We test a new algorithm for this recommendation, which upon winning will remain served by Adobe Target and will incur a similar maintenance burden to the original module.
If the Variant wins then we duplicate the test and increase targeting to 100% of traffic; if the Control wins then we simply deactivate the test.
- Production Cost = near-zero
- Maintenance Cost = near-zero
If we are to require 95% SS for this test, we are in effect saying,
“even if we are 94% confident that the new algorithm is better, it’s in our best interest to stick with the existing algorithm, because [_______________]”

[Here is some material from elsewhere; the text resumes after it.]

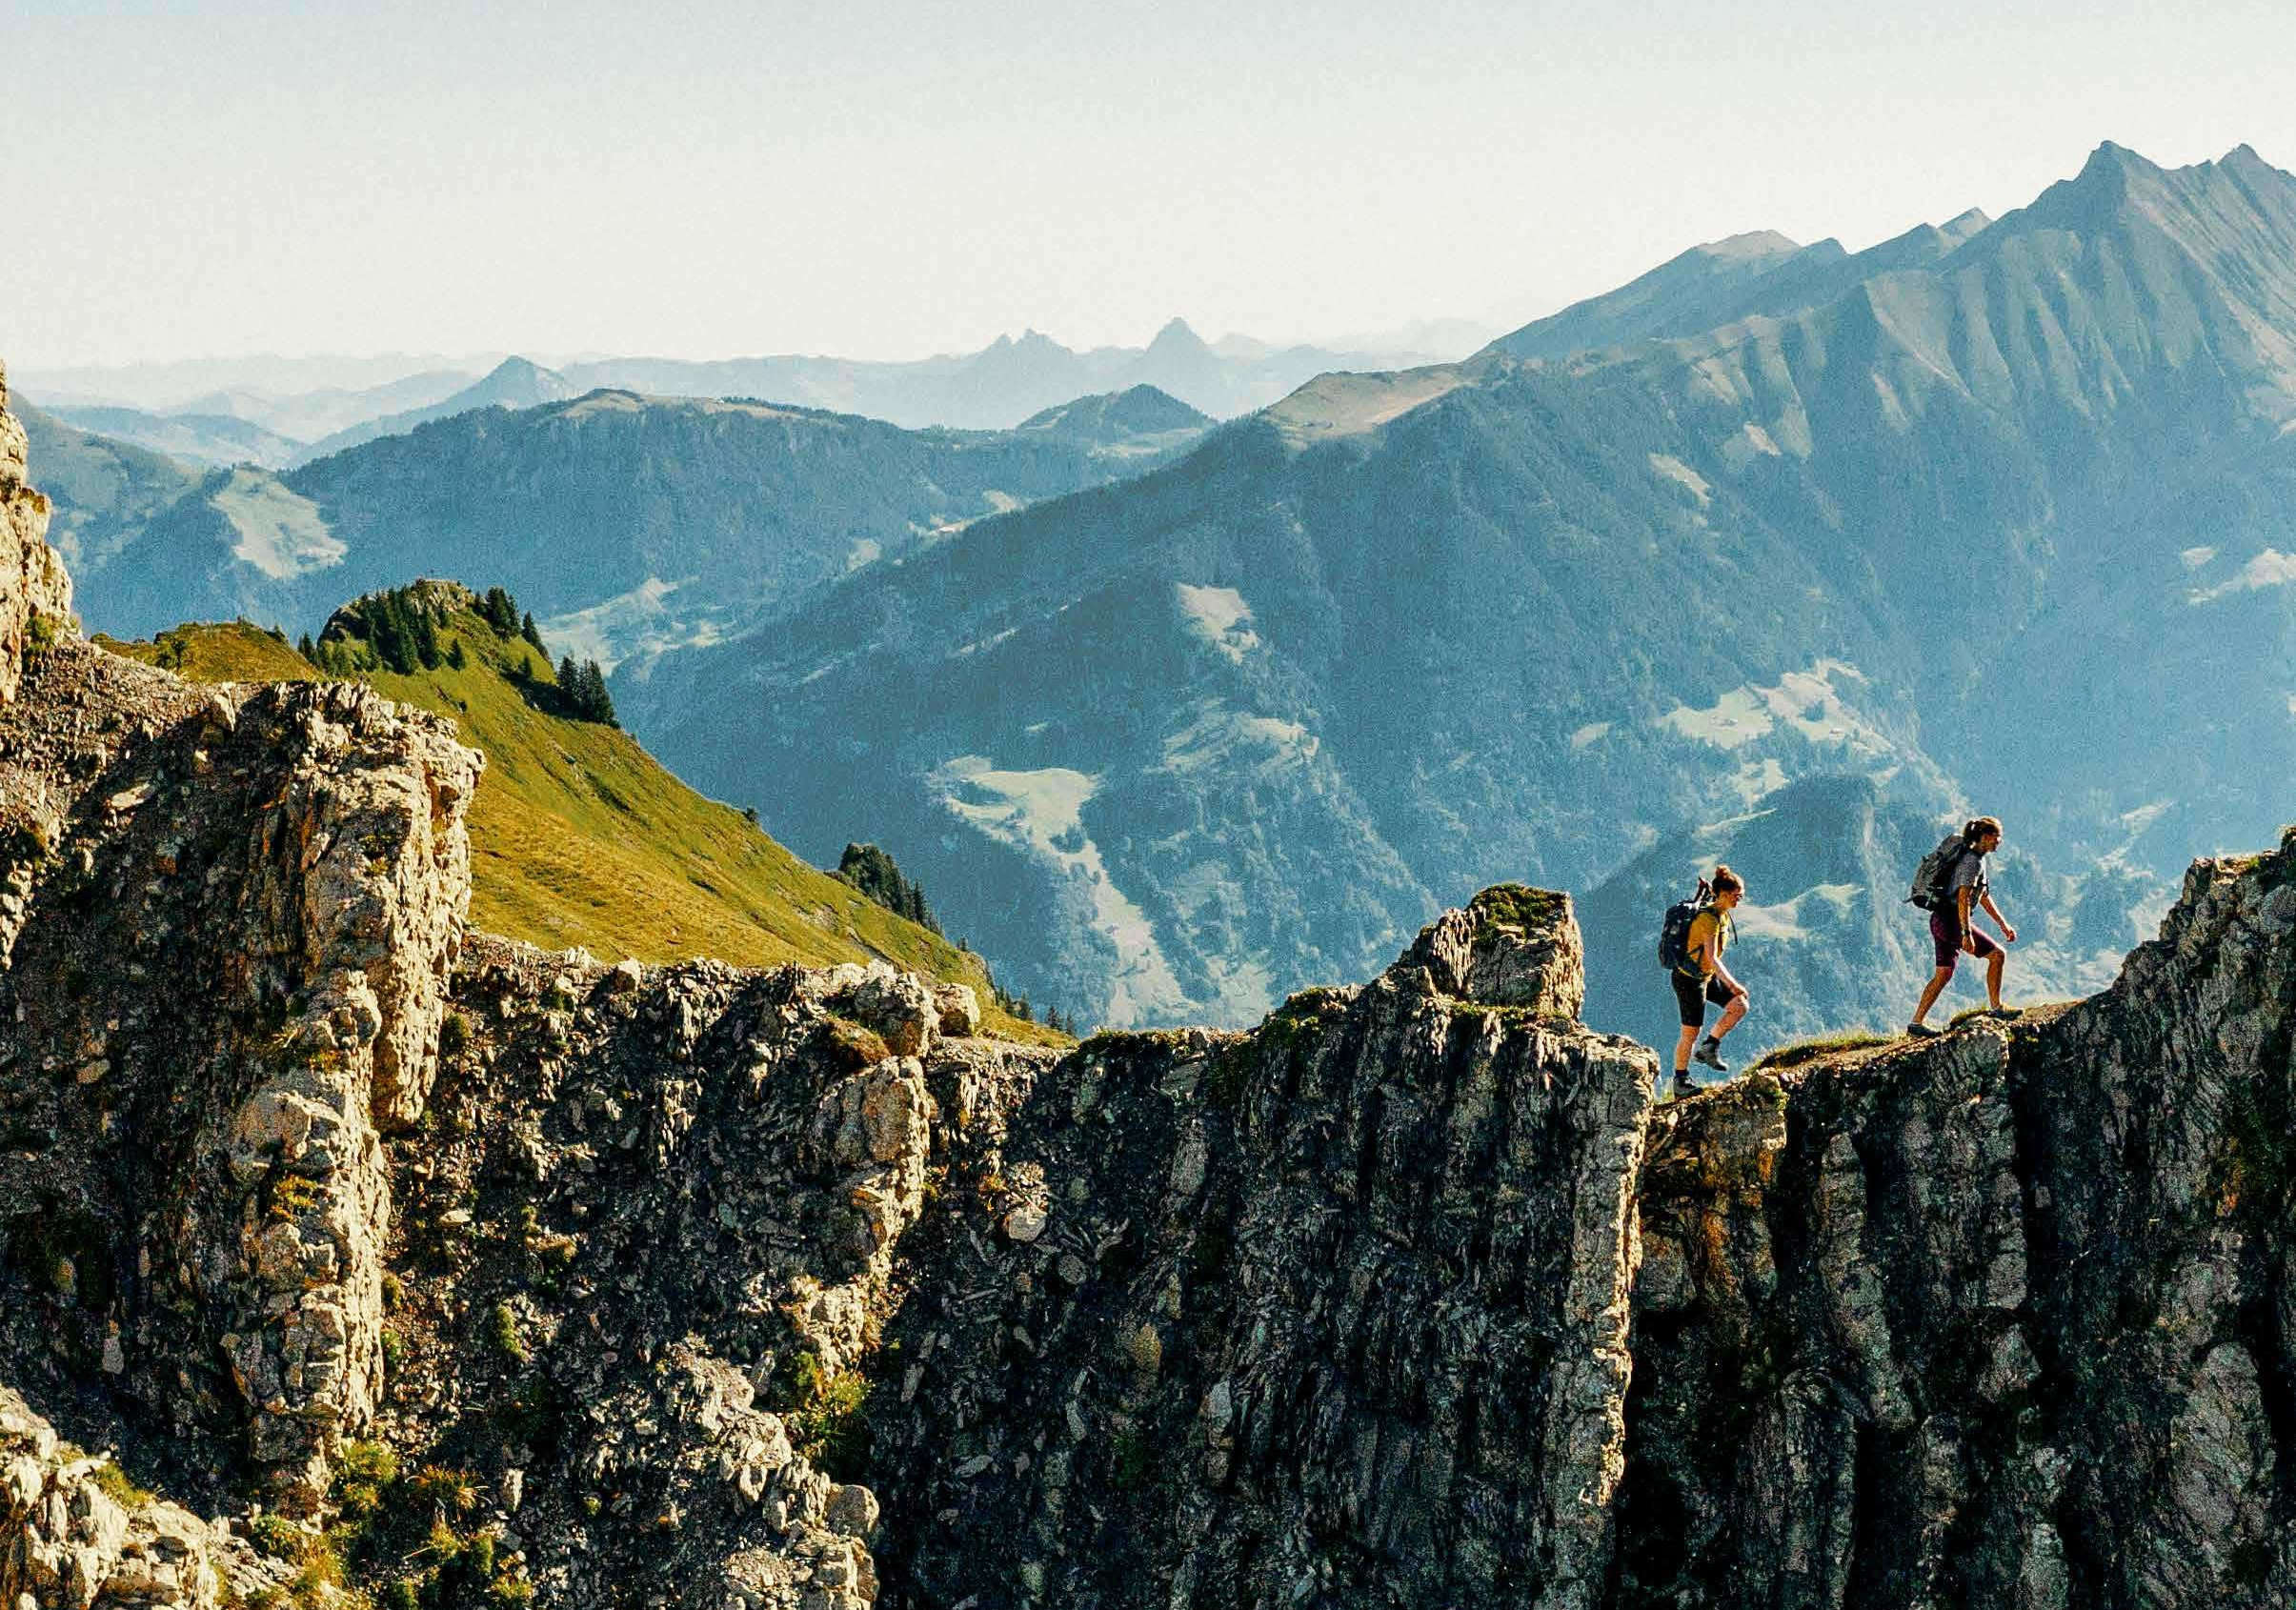 Trekking dedicato a Guglielmo Tell

Filling in this blank is plainly challenging, and the 95% threshold cannot be justified.
A statistically optimal threshold here will be very close to 50%, after an appropriate minimum run-time.
Our Solution
An intelligent assessment of risk
DMPG’s solution is baked into our roadmapping practice, which we’ll cover later in this whitepaper series.
By default we make a binary assessment of Error Cost independent of Opportunity Cost, via a simple set of questions (see demo)

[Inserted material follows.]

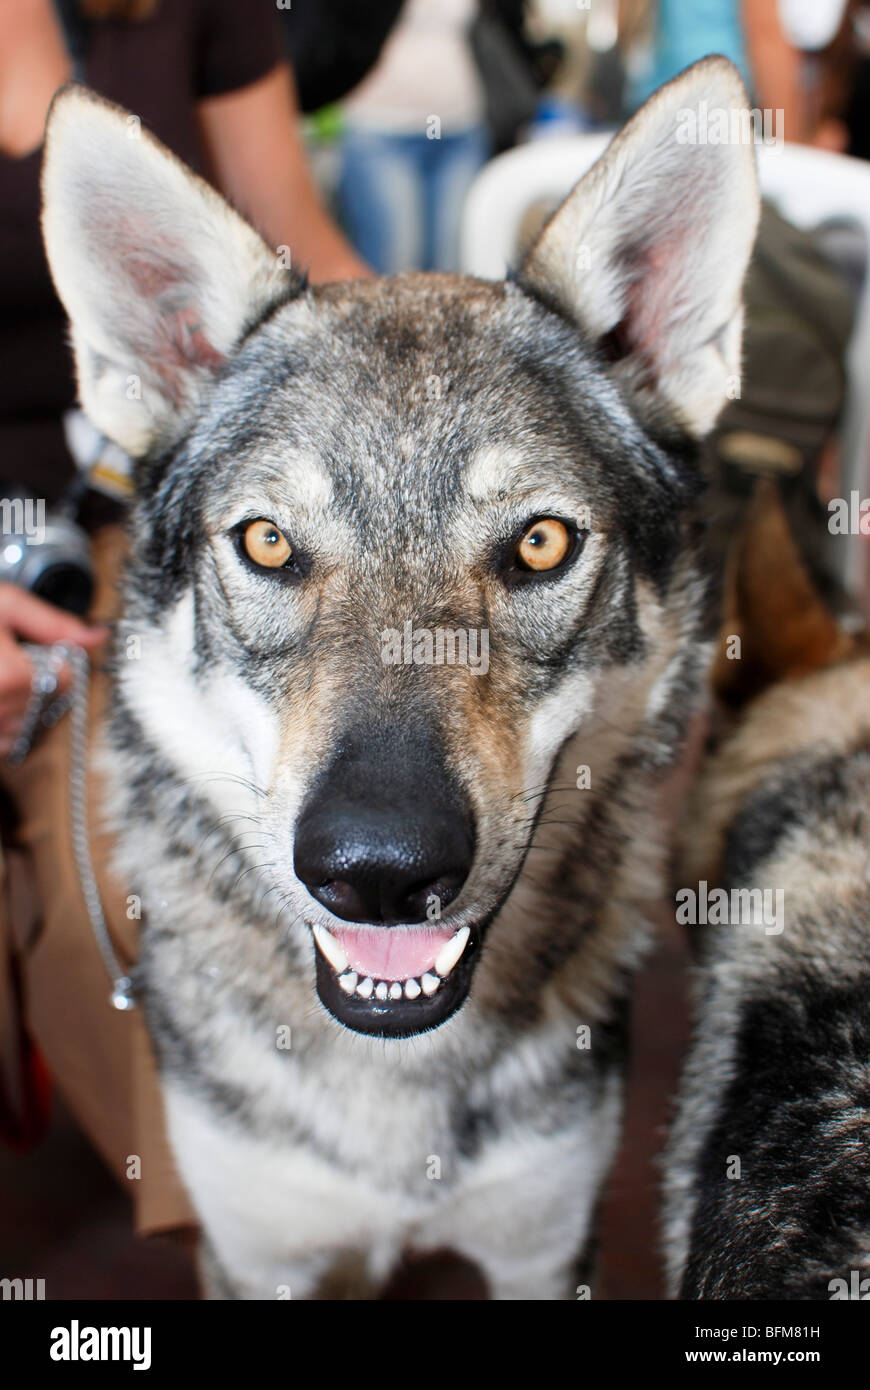 Czechoslovakian Wolfdog - Stock Image

This tool asks 2 standard questions, and typically involves a few more checks specific to your business:
- Upon winning, this test will be launched with <1 human-day of development effort
- Upon winning, this test will incur a near-zero net maintenance burden
In the event that all of these tests are passed, the test is deemed “low REC” and SS threshold is set at 70%, after a predetermined max runtime. We then add granularity over time, building to a broader range of SS outputs.
The objectivity here is crucial, as is the simplicity, and it so far it’s worked well for us.
Next Up
How does all this sound to you?
With the maths out of the way, next we’ll hone in on personalisation. While aggregate testing can survive with very high SS thresholds, personalisation cannot and we’ll frame both problem and solution in part 2 of this whitepaper
____________________________________________________________________
Appendix
1 There is also typically a large body of pre-experiment data re-enforcing the effectiveness of the Control treatment. Because of this, while we may find that the Variant has a 90% chance of being the better treatment, within that 10% risk exists a danger of side effects or entirely null effect that far exceeds the equivalent risk within the control.
This factor is not expanded on within this whitepaper because within our core subject here (Digital UX Experimentation & Personalisation) Control treatments are not typically tested in any meaningful way pre-experiment and as such do not benefit from this phenomenon.